Dark matter seems to constitute a large part of the universe but is actually invisible mysterious matter, and is the natural target of the observatory.

"In my career, smart people realized,'Oh my God, there is a lot of dark matter in the universe," Oh, dark matter is more than ordinary matter,' and in fact, three-quarters of the matter is even in the universe. Not a problem. This is another matter. So, you know, researching is irresistible," Roodman said.

Scientists are not yet sure what is driving the accelerated expansion of the universe, or why it is calculated as a different number based on whether you measure the Hubble parameter with a close object or the cosmic microwave background.

"We have these big mysteries. But at the same time, we have a standard model of particle physics, and in fact a standard model of cosmology. They are very successful, very well tested, and very successful in terms of numbers. But They really don't make any sense," Kahn said. "However, some things must be correct, because these mathematical predictions simply cannot be achieved with such precision."

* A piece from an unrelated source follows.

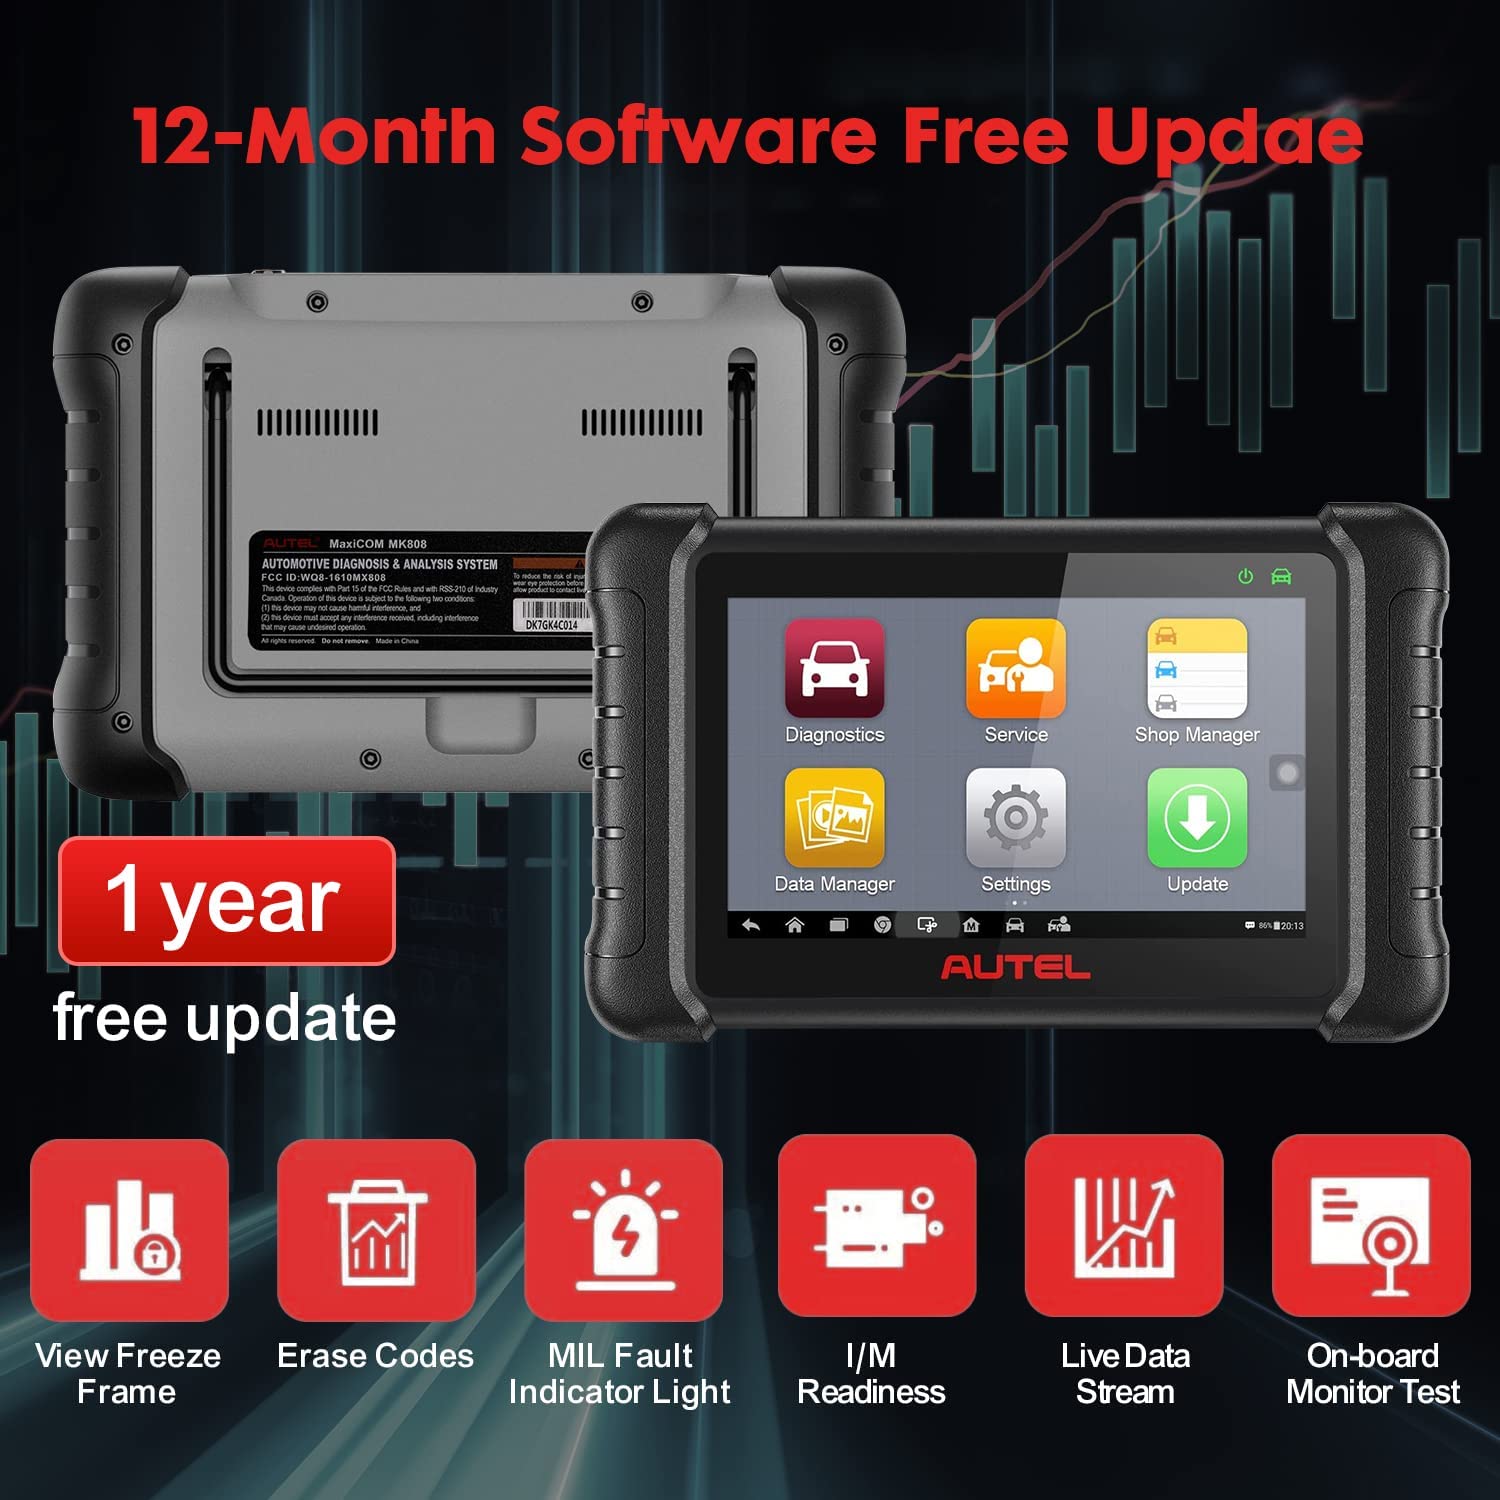 Autel DS808K come with 1 year free software update

Unfortunately, the camera will have to deal with man-made pollution: that is, satellite constellations, such as SpaceX's Starlink, may appear in up to 30% of the images taken by the LSST camera. Passing satellites may obscure the data or even become their own misleading data points. The scientific team measuring potential astronomical damage wrote that the new camera “needs to enter the pristine, unpolluted night sky, which has been an inherent right of the inhabitants of the earth for thousands of years”.

Even with these challenges, LSST has the potential to drive some of the most exciting astrophysics discoveries in the coming decades. All the images it collects will be open to the public, which means that even if you are not an astrophysicist, you can enjoy the fascinating behavior of objects in the universe. The first light of the observatory is currently scheduled for January 2023 and will be fully operational in October. There are many unanswered questions about how the universe formed and continues to change, and this camera will help us find the answers.